Required action: When you copy the data that follows, reproduce every word exactly and leave out the images.

Input data:
= Beginning of Section =

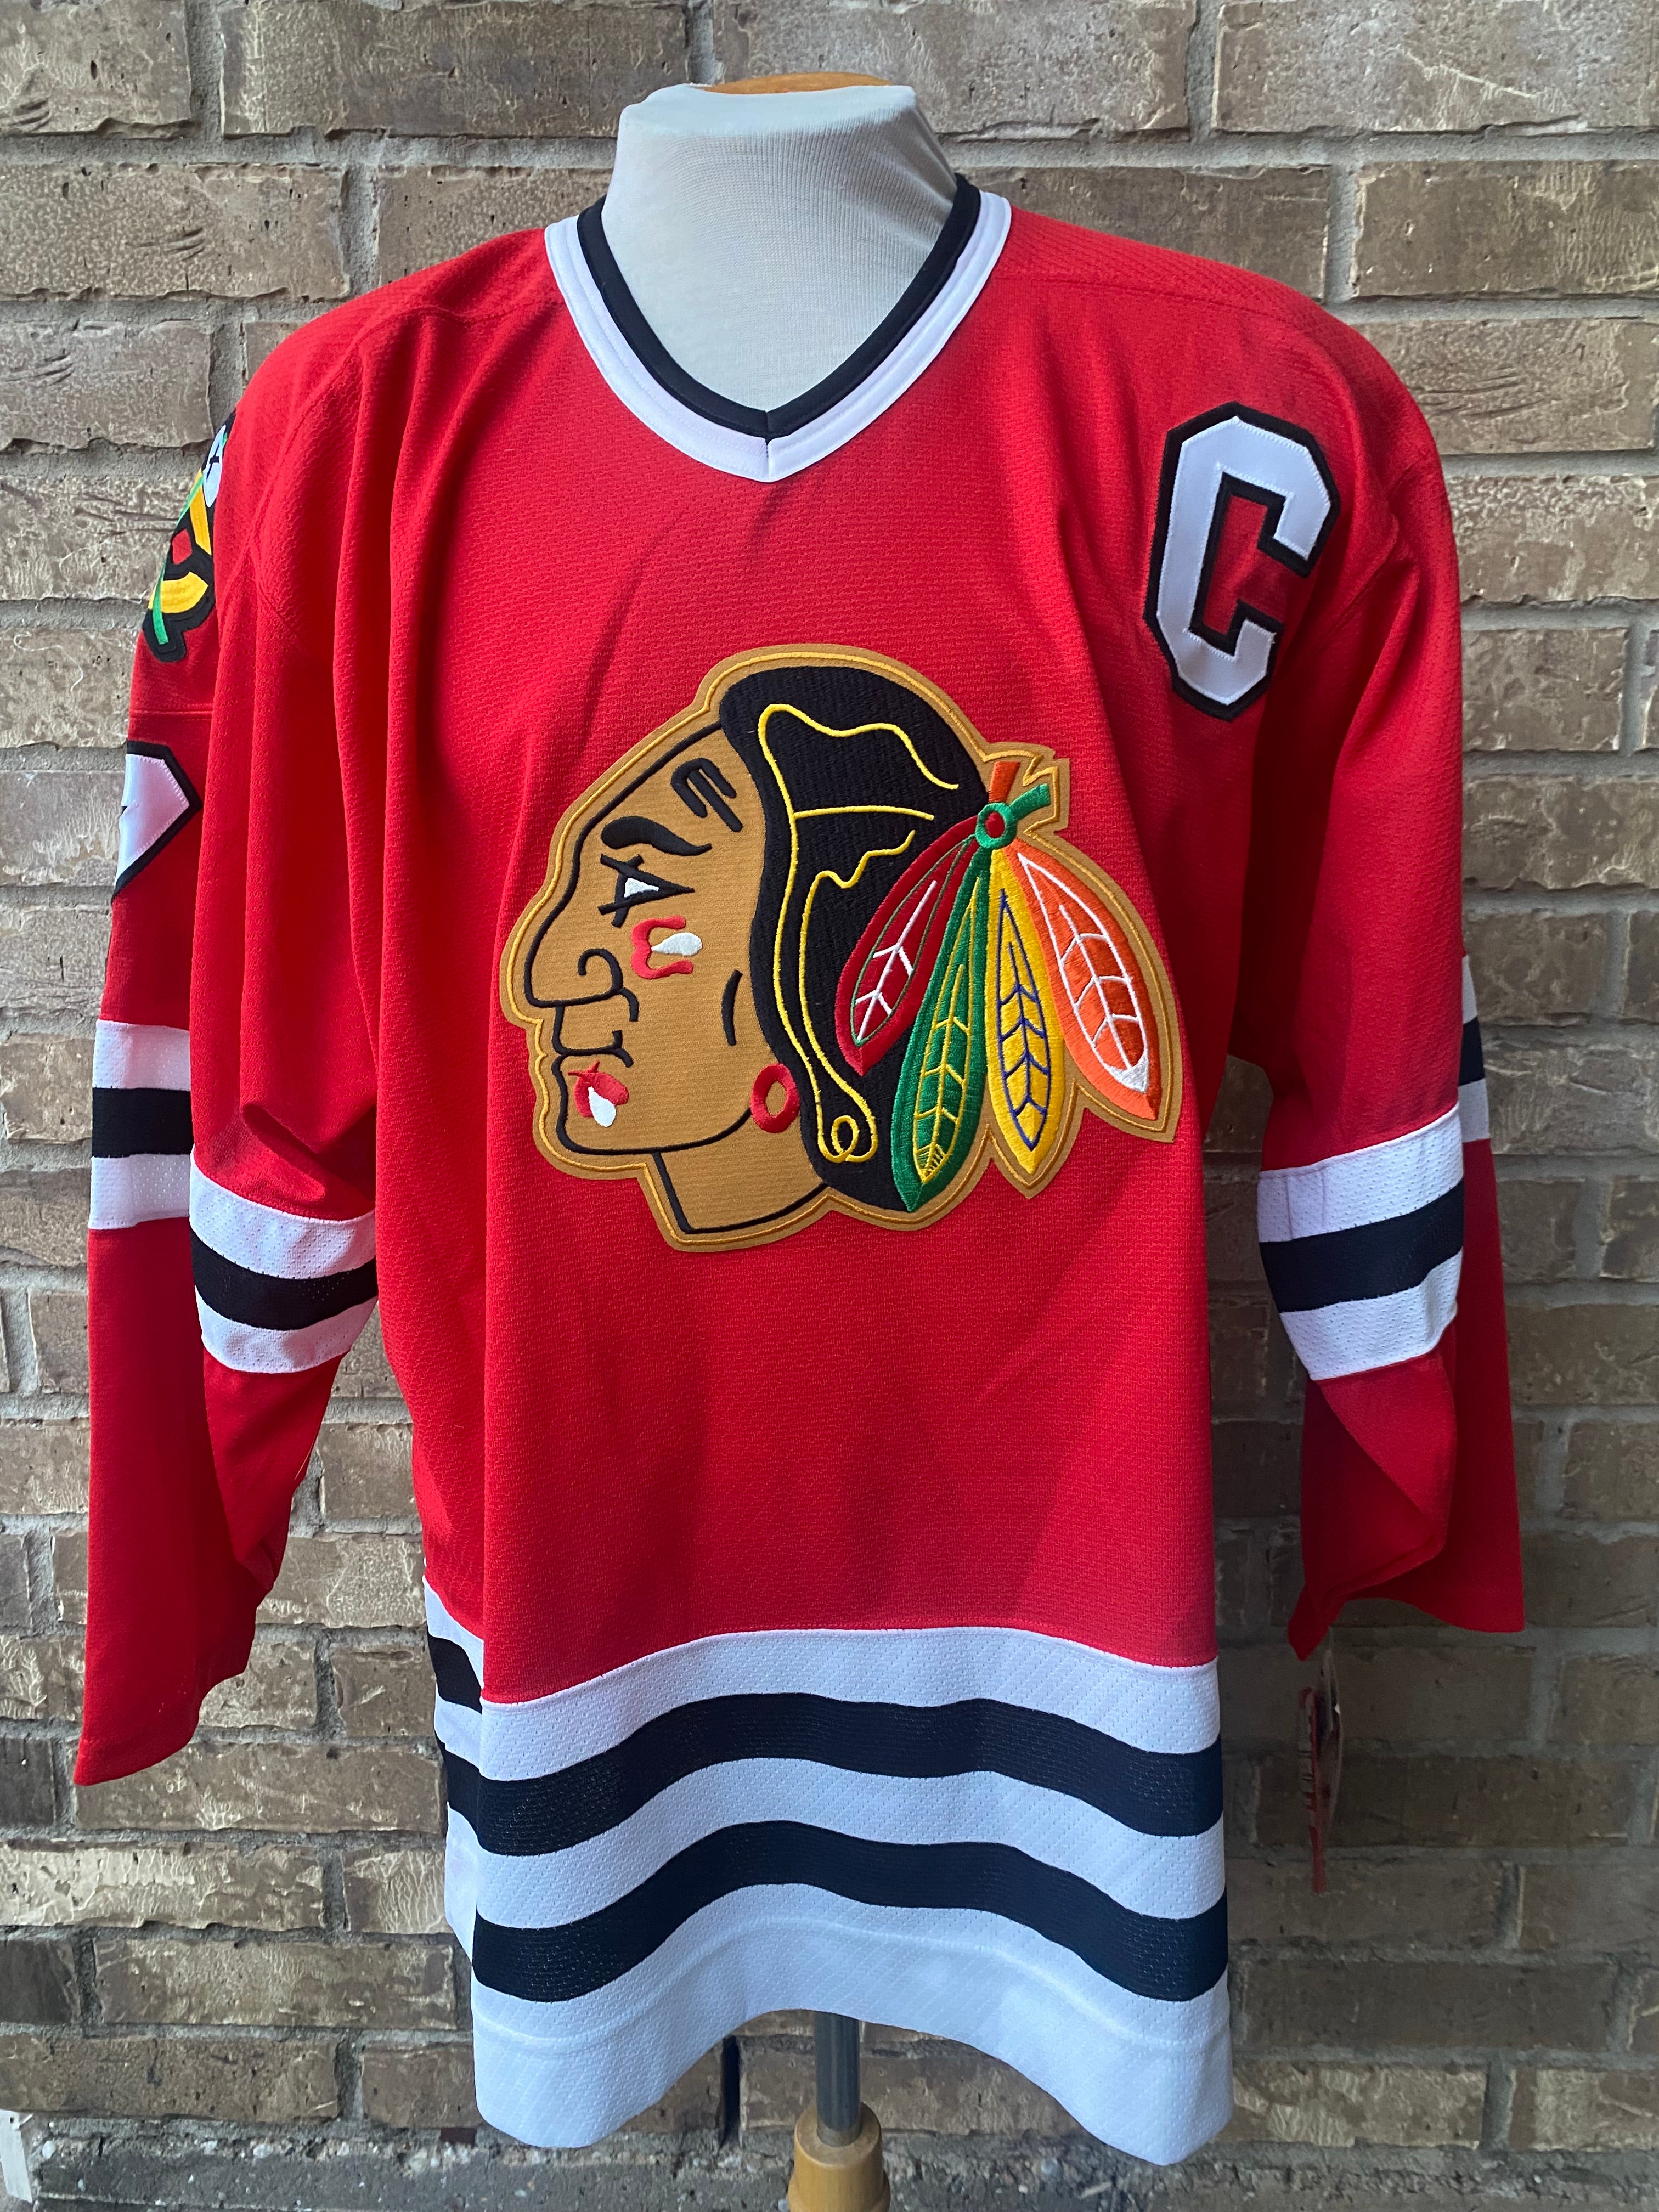 NHL Youth Chicago Blackhawks Team Color Replica Jersey - R58Hwbdd (Red,  X-Large/Large)
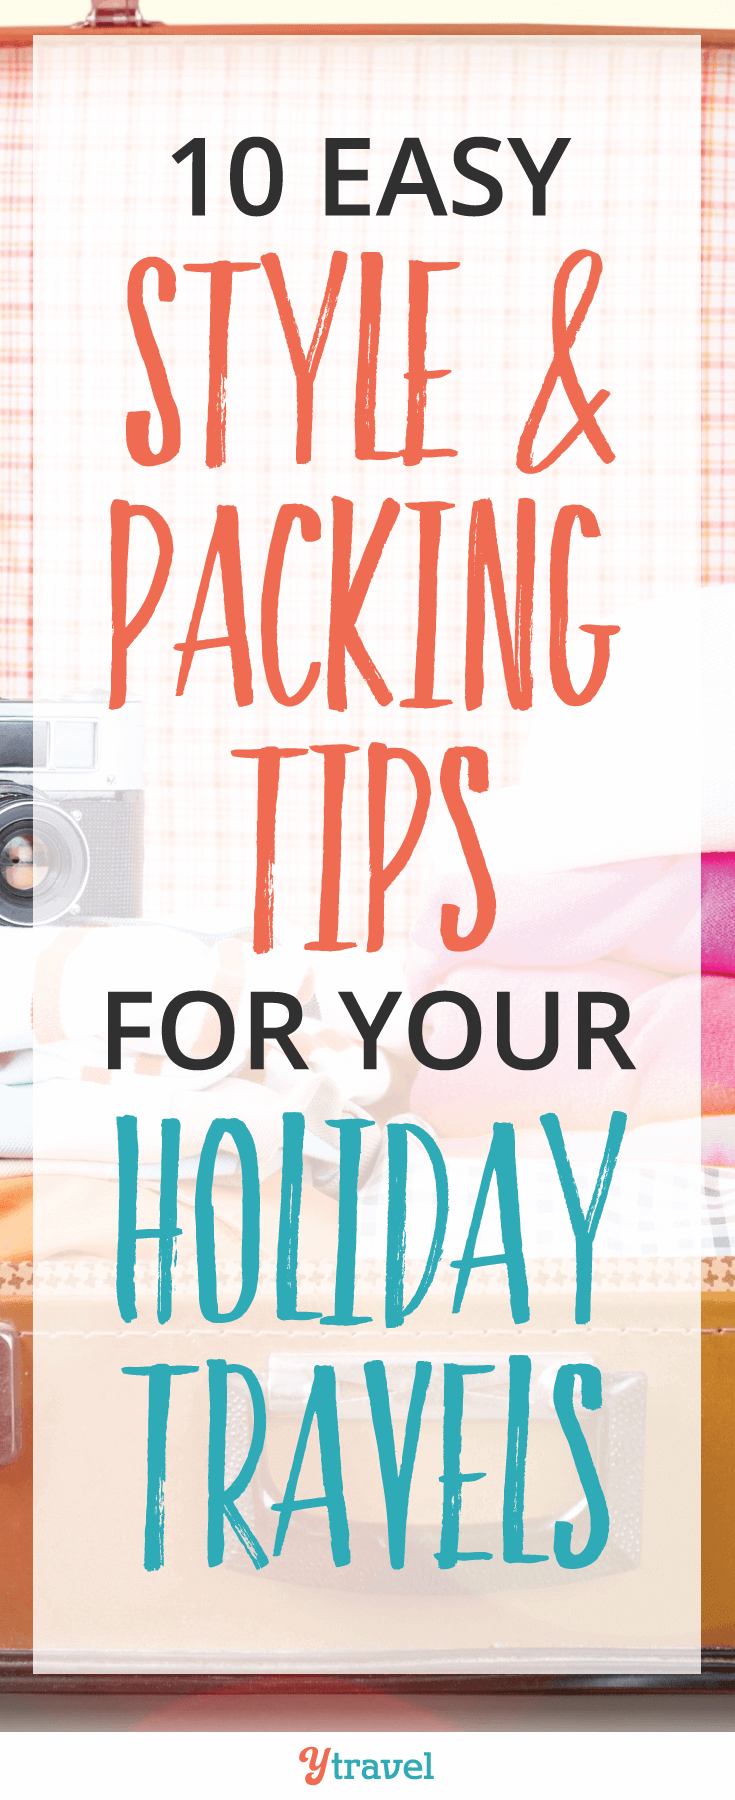 The best packing tips for your holiday travels in 10 easy steps! Make a packing list in order to bring the essentials and leave behind the unnecessary.
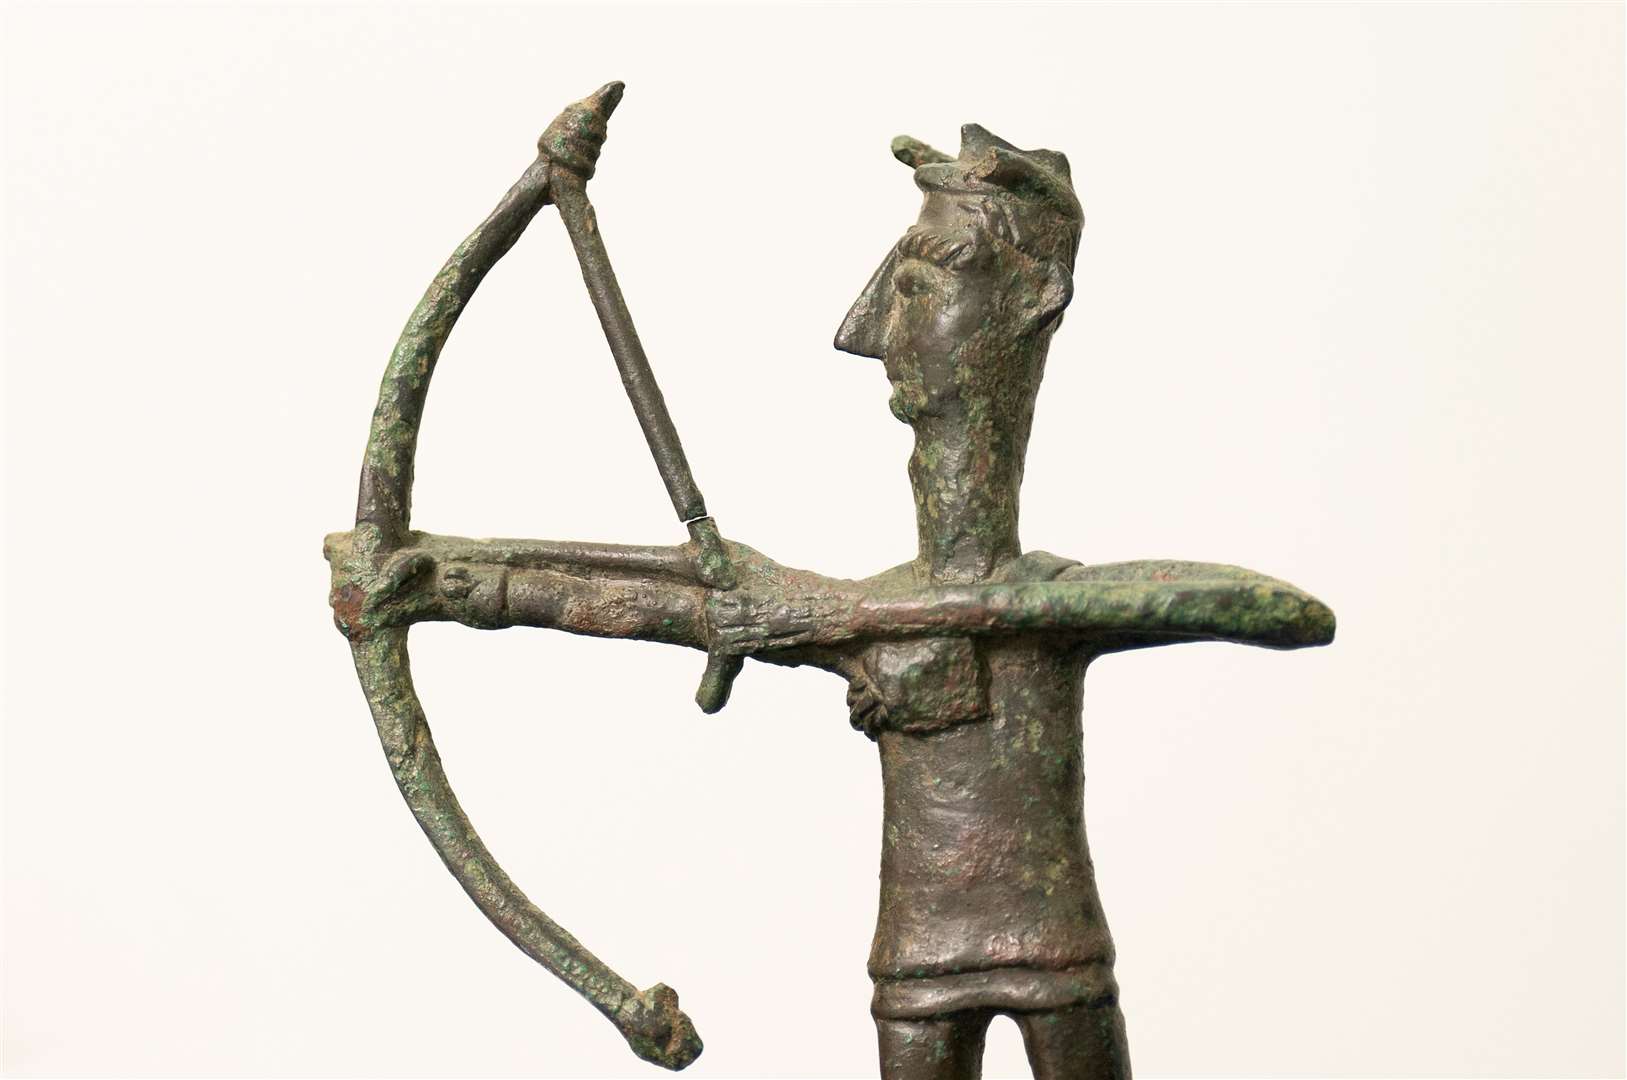 The archer figure dates from 1000 to 700 BCE (Joe Giddens/PA)

= End of Section =

Finished exercise:
 NHL Youth Chicago Blackhawks Team Color Replica Jersey - R58Hwbdd (Red,  X-Large/Large)
 The best packing tips for your holiday travels in 10 easy steps! Make a packing list in order to bring the essentials and leave behind the unnecessary.
 The archer figure dates from 1000 to 700 BCE (Joe Giddens/PA)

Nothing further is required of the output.